Kemp Stephan, Berger Johannes, Aubourg Patrick
Department of Clinical Chemistry, University of Amsterdam, The Netherlands.
Biochim Biophys Acta. 2012 Sep;1822(9):1465-74. doi: 10.1016/j.bbadis.2012.03.012. Epub 2012 Mar 28.

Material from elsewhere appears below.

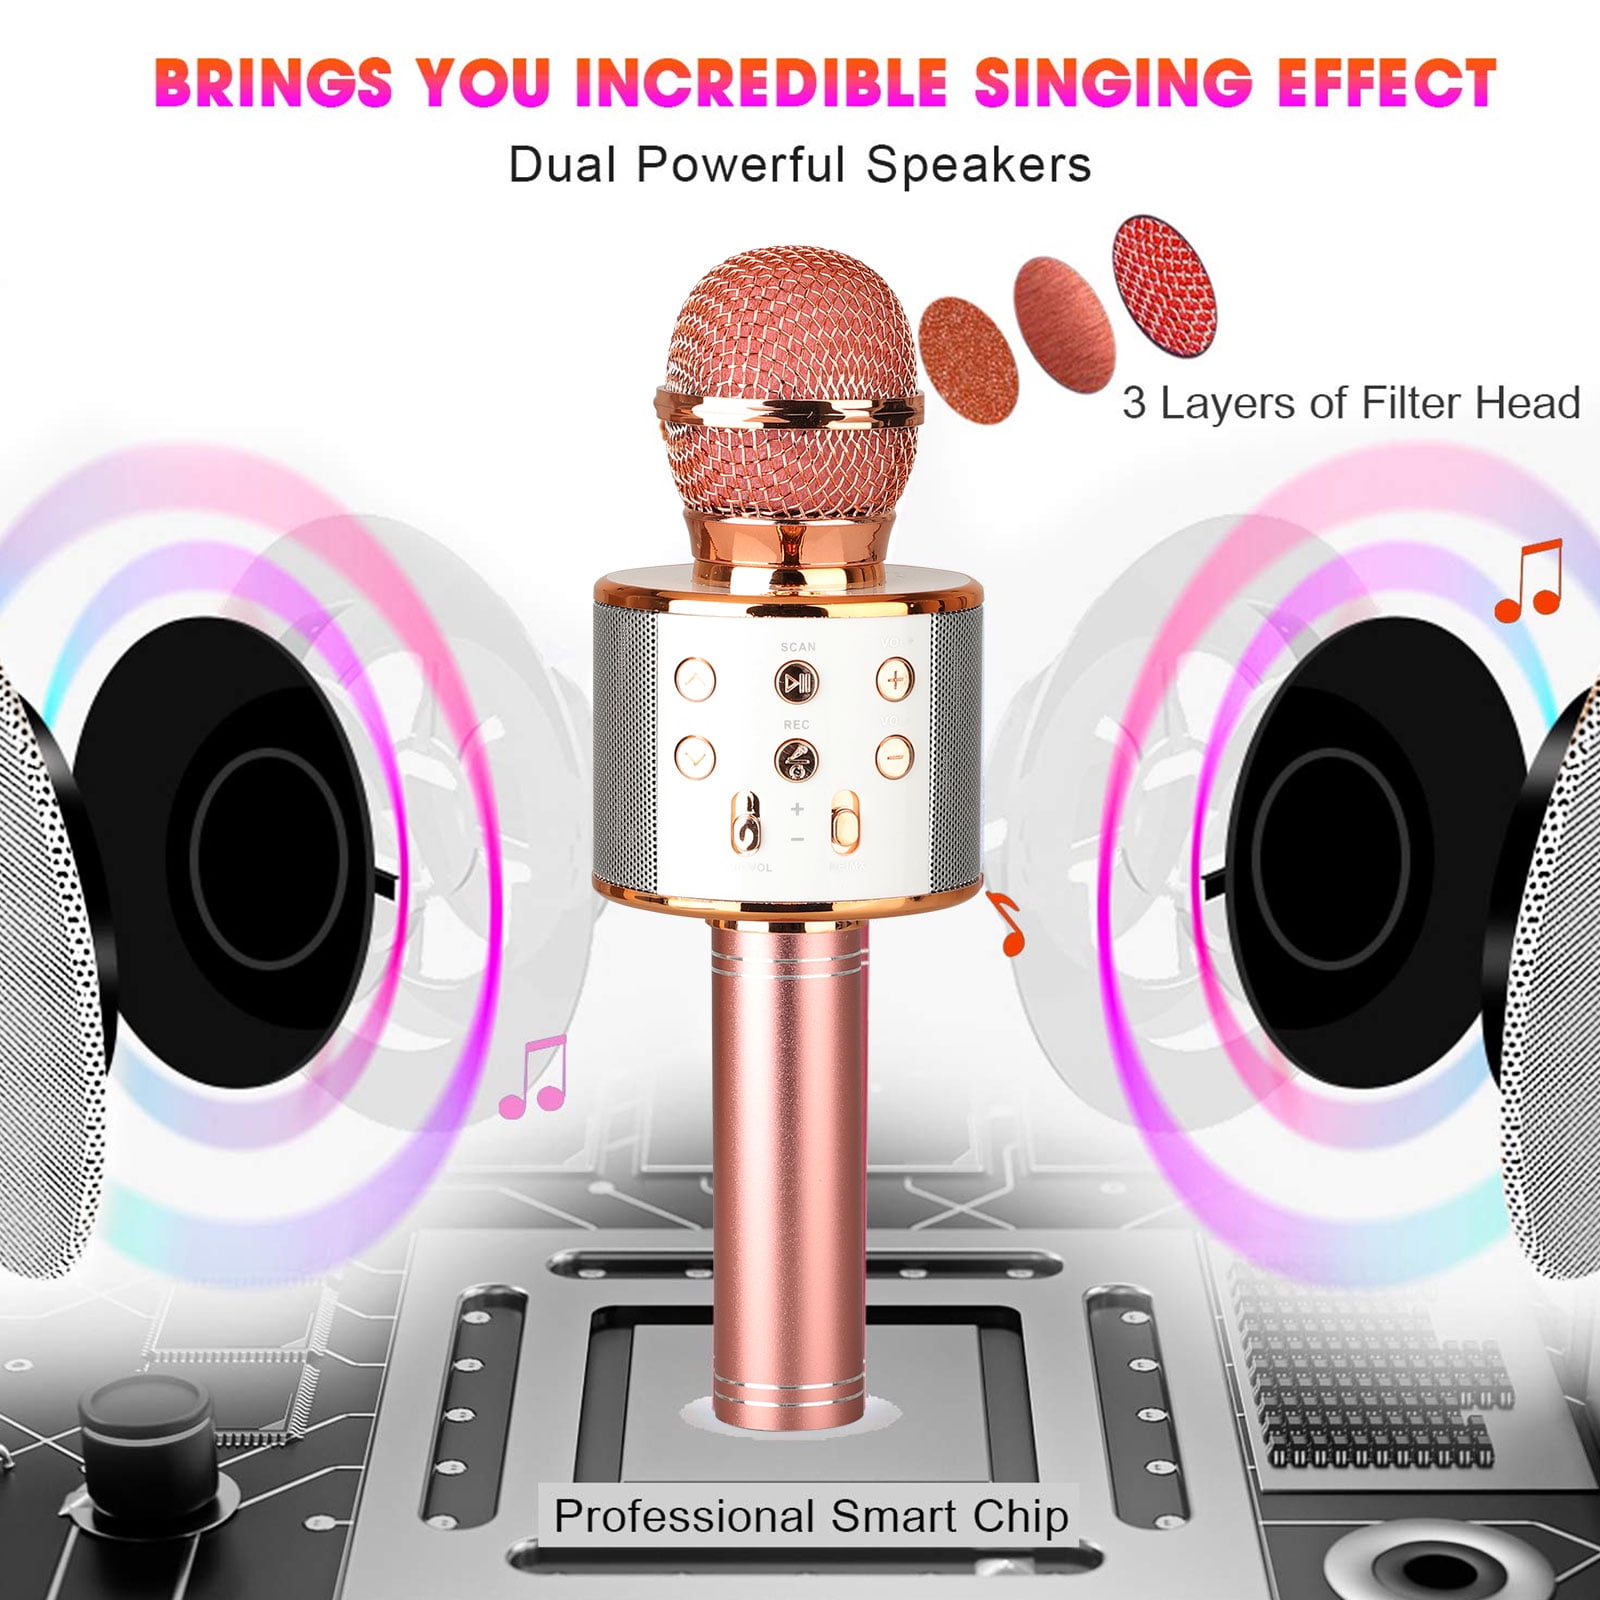 Wireless Bluetooth Karaoke Microphone,Portable Handheld Karaoke Mic Speaker Machine for Kid Adult Girl Home Party Singing Birthday Gift compatible with Android/iPhone/PC or All Smartphone Qarfee Gold

X-linked adrenoleukodystrophy (X-ALD) is the most frequent peroxisomal disease. The two main clinical phenotypes of X-ALD are adrenomyeloneuropathy (AMN) and inflammatory cerebral ALD that manifests either in children or more rarely in adults. About 65% of heterozygote females develop symptoms by the age of 60years. Mutations in the ABCD1 gene affect the function of the encoded protein ALDP, an ATP-binding-cassette (ABC) transporter located in the peroxisomal membrane protein. ALDP deficiency impairs the peroxisomal beta-oxidation of very long-chain fatty acids (VLCFA) and facilitates their further chain elongation by ELOVL1 resulting in accumulation of VLCFA in plasma and tissues. While all patients have mutations in the ABCD1 gene, there is no general genotype-phenotype correlation. Environmental factors and a multitude of modifying genes appear to determine the clinical manifestation in this monogenetic but multifactorial disease. This review focuses on the clinical, biochemical, genetic and pathophysiological aspects of X-ALD.
X连锁肾上腺脑白质营养不良(X-ALD)是最常见的过氧化物酶体病。X-ALD的两种主要临床表型是肾上腺脊髓神经病(AMN)和炎症性脑型ALD,后者在儿童期发病,在成人中发病更为罕见。约65%的杂合子女性在60岁时出现症状。ABCD1基因突变会影响编码蛋白ALDP(一种位于过氧化物酶体膜蛋白中的ATP结合盒转运体)的功能。ALDP缺乏会损害极长链脂肪酸(VLCFA)的过氧化物酶体β氧化,并通过ELOVL1促进其进一步链延长,导致VLCFA在血浆和组织中蓄积。虽然所有患者都有ABCD1基因突变,但不存在普遍的基因型-表型相关性。环境因素和众多修饰基因似乎决定了这种单基因但多因素疾病的临床表现。本综述重点关注X-ALD的临床、生化、遗传和病理生理方面。